- Goal of the exercise
From the line that holds "Горный детский велосипед" to the last line below, retype everything exactly and nothing else; omit pictures.

- Data excerpt
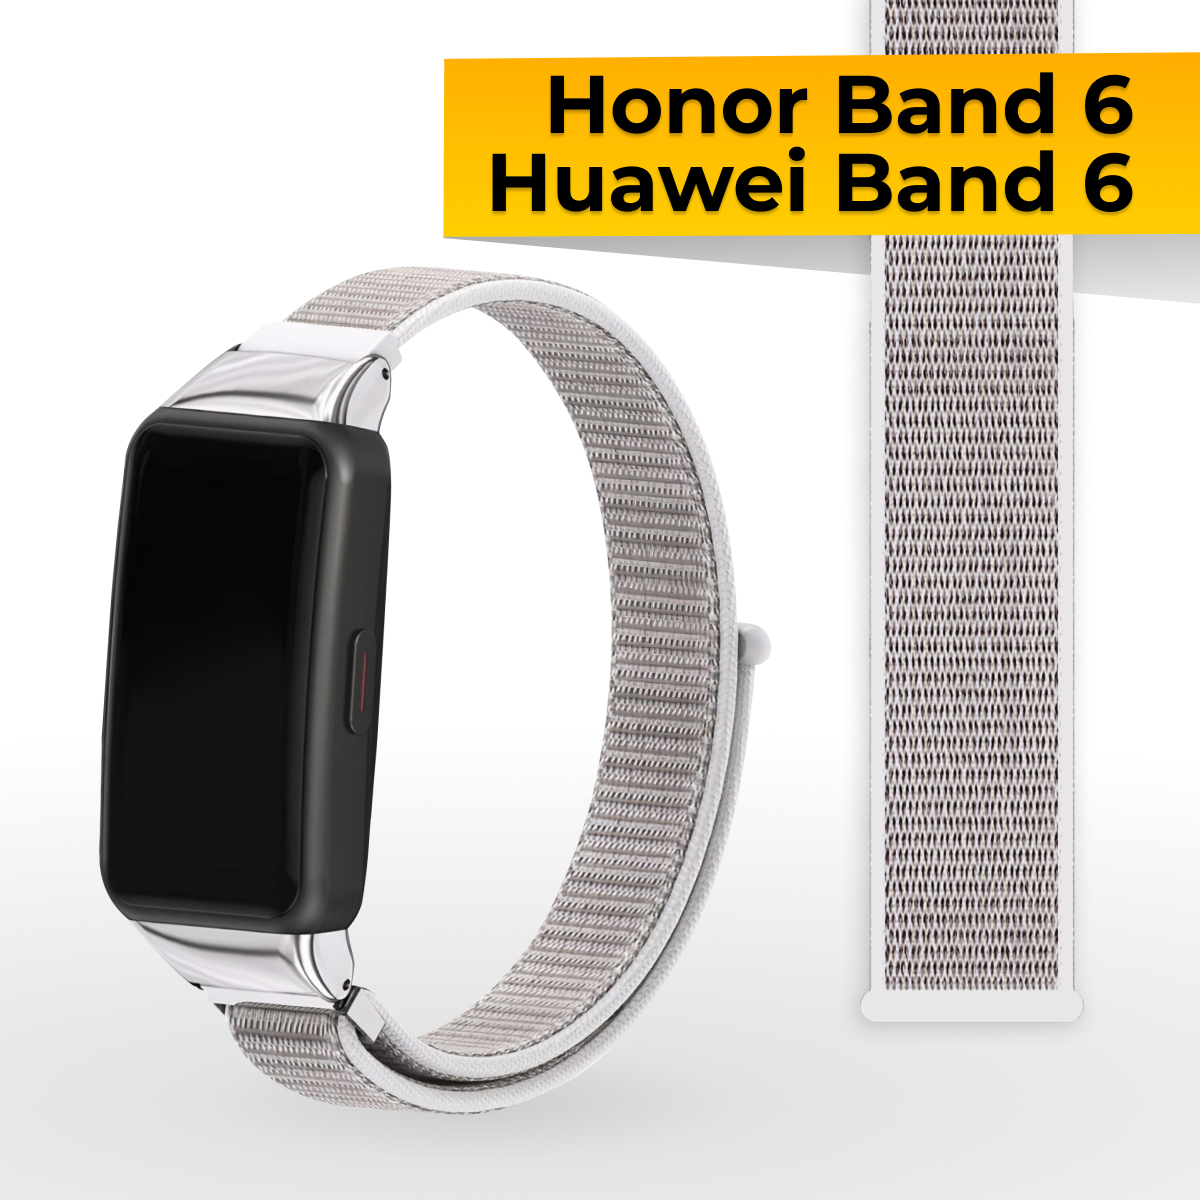 Нейлоновый ремешок на Honor Band 6 и Huawei Band 6 / Спортивный тканевый браслет на липучке для часов Хонор Бэнд Хуавей Бэнд 6 / Сине-фиолетовый
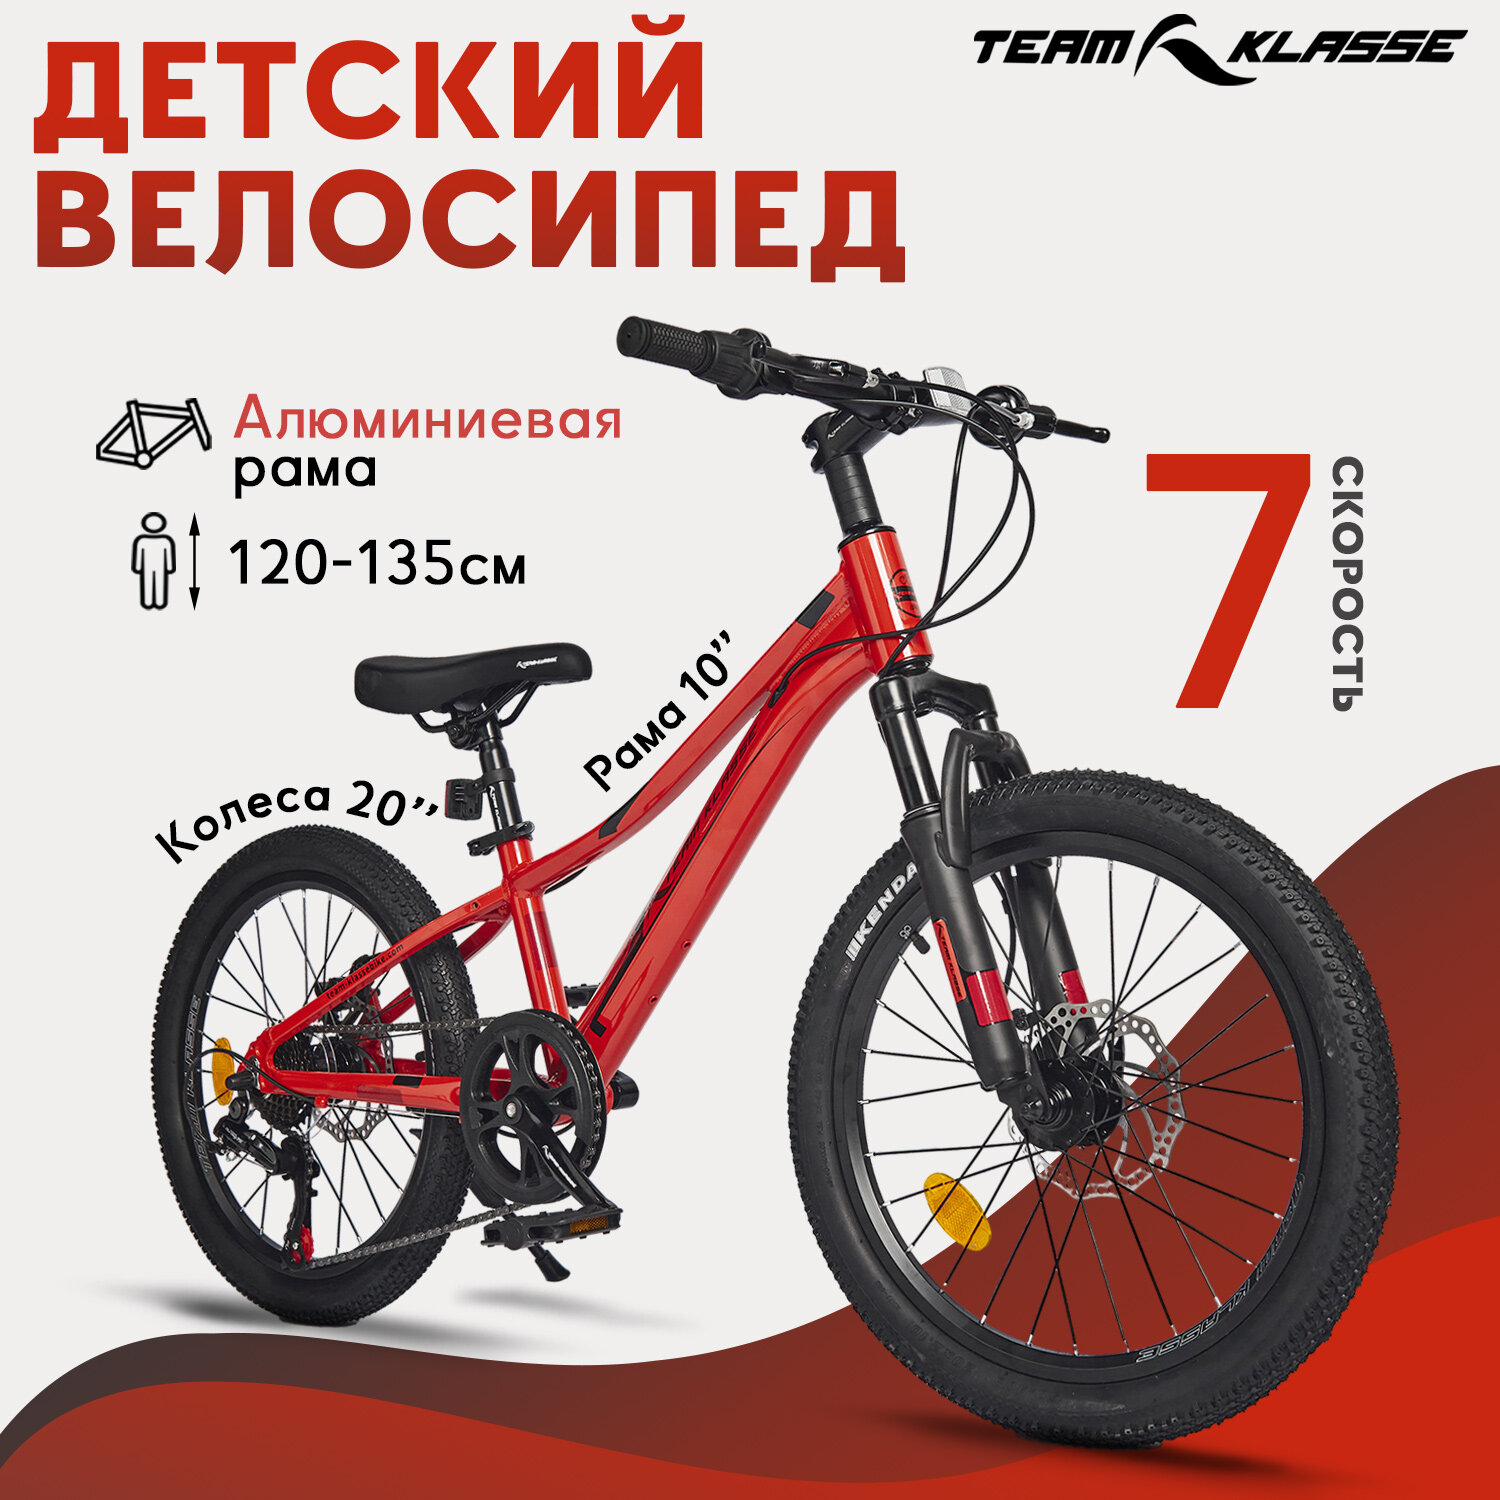 Горный детский велосипед Team Klasse F-4-D, красный, диаметр колес 20 дюймов
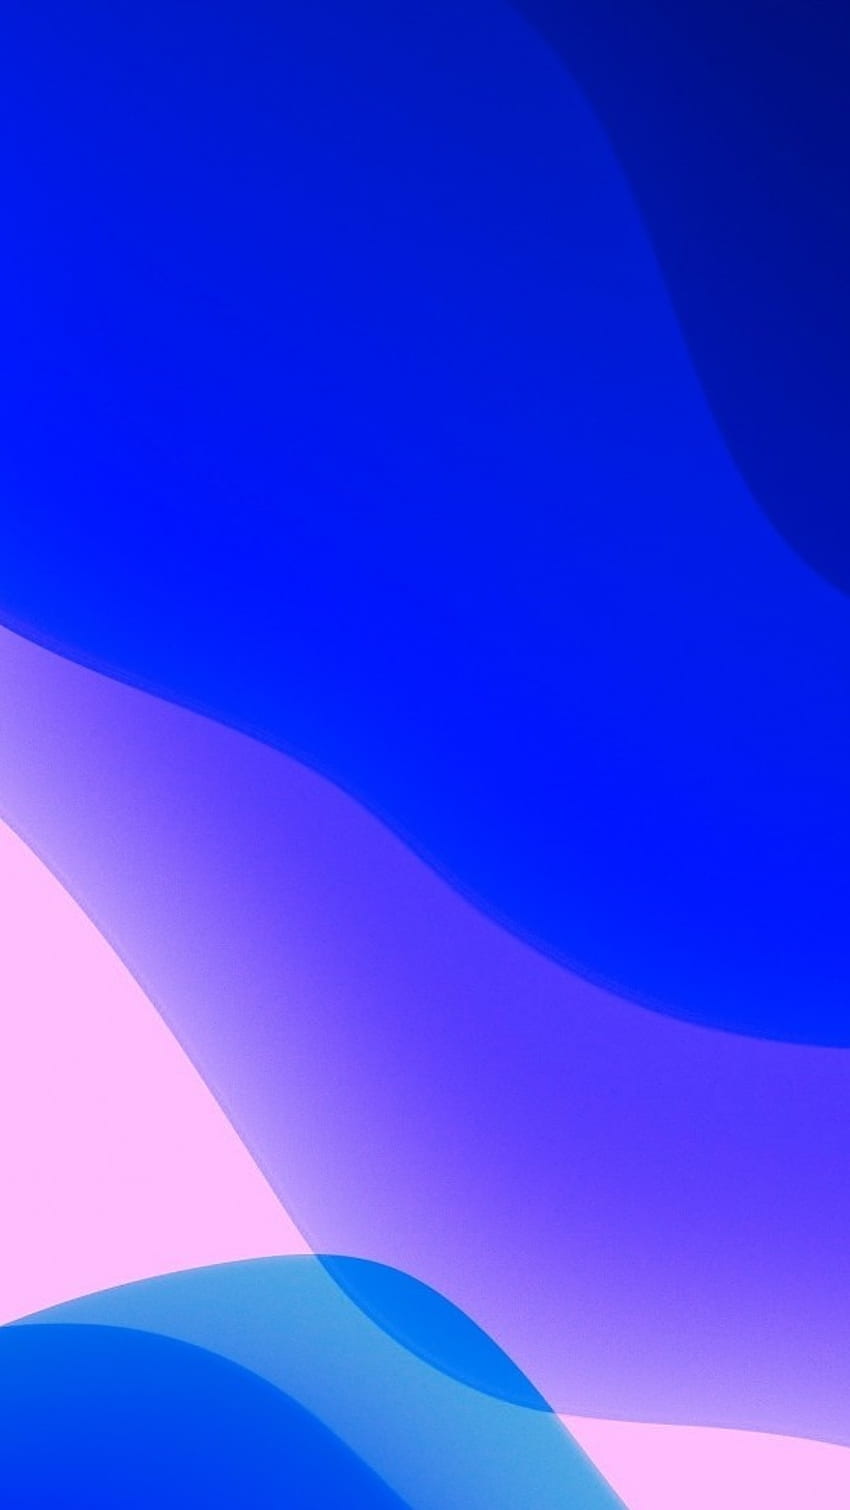 Hình nền iPhone 13 Pro Max, Blue, Pink: Thiết kế độc đáo màu xanh dương và hồng của iPhone 13 Pro Max sẽ khiến chiếc điện thoại của bạn thêm phần nổi bật. Hãy xem những hình nền với màu sắc độc đáo này, cùng với độ phân giải cao và hình ảnh đẹp nhất. Đảm bảo bạn sẽ cảm thấy ấn tượng và hài lòng.

- Response for this exercise
 Горный детский велосипед Team Klasse F-4-D, красный, диаметр колес 20 дюймов
 Hình nền iPhone 13 Pro Max, Blue, Pink: Thiết kế độc đáo màu xanh dương và hồng của iPhone 13 Pro Max sẽ khiến chiếc điện thoại của bạn thêm phần nổi bật. Hãy xem những hình nền với màu sắc độc đáo này, cùng với độ phân giải cao và hình ảnh đẹp nhất. Đảm bảo bạn sẽ cảm thấy ấn tượng và hài lòng.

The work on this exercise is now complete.